Барак, в котором нас поселили, находился рядом с железнодорожным полотном. В бараке не было ни воды, ни света,
ни отопления. Поезда дальнего следования на полустанке не останавливались и мчались с огромной скоростью. На
короткое время останавливались только 4х вагонные паровички, подбирая рабочих, едущих в Волхов-2 на алюминиевый
завод и электростанцию или в Волхов-1 в железнодорожное депо.

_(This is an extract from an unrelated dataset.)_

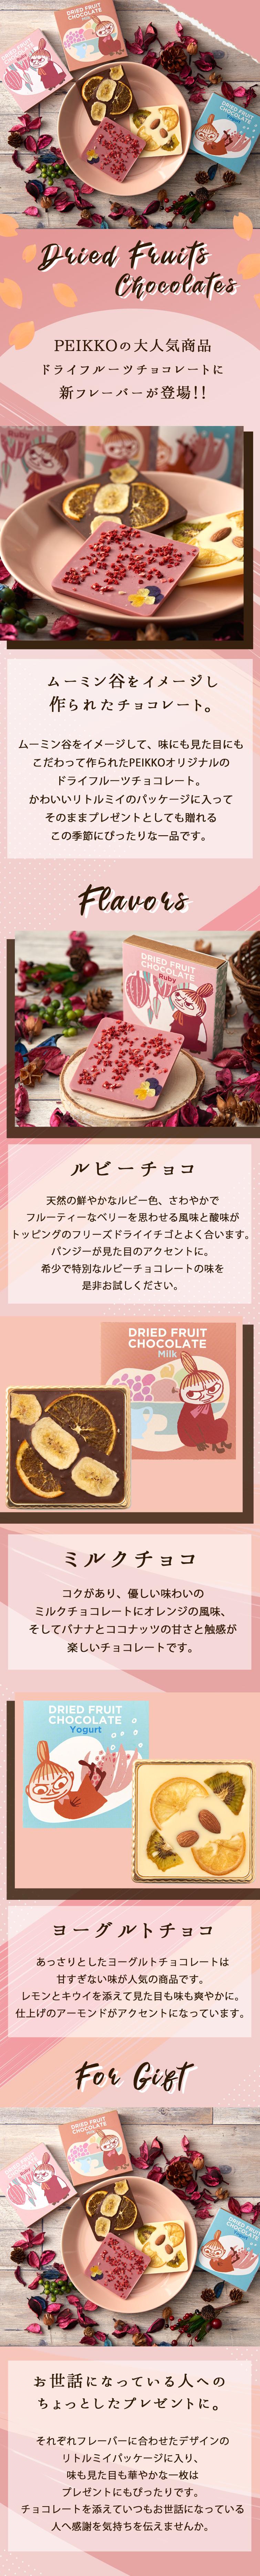 ムーミン バレンタイン チョコレート ドライフルーツチョコレート

Когда мать уезжала на работу и мы оставались одни, я часто по насыпи подползала к железной дороге в
надежде, что кто-нибудь выбросит в окно еду. Пройдя вдоль насыпи, находила огрызки яблок, репы. Однажды
подползла очень близко к полотну и сильным ветром меня отбросила с насыпи.
Наверное, зиму 44-45 мы еще жили в этом бараке т.к. помню, мать ушла в ближайшую деревню обменять какие-то
шмотки на любую еду. Приехала на попутных санях и привезла сумку с мороженой свеклой. Мы все
были рады, что мать так удачно сходила в деревню. А вареная свекла была сладкой, воду из под свеклы мы
пили как чай.
Жизнь была не менее трудная, чем во время войны. Не было только обстрелов и бомбежек. Привезенные продукты
быстро кончились. По вагонам ходили одноногие с гармошкой. Помню песню, которую пел один из них
Эх, озера, широки озера
Мне вовек вас не забыть.
Другой ходил с морской свинкой, которая вытаскивала из коробочки листочек "с будущим счастьем".
Здесь существовала конкуренция за кусок хлеба.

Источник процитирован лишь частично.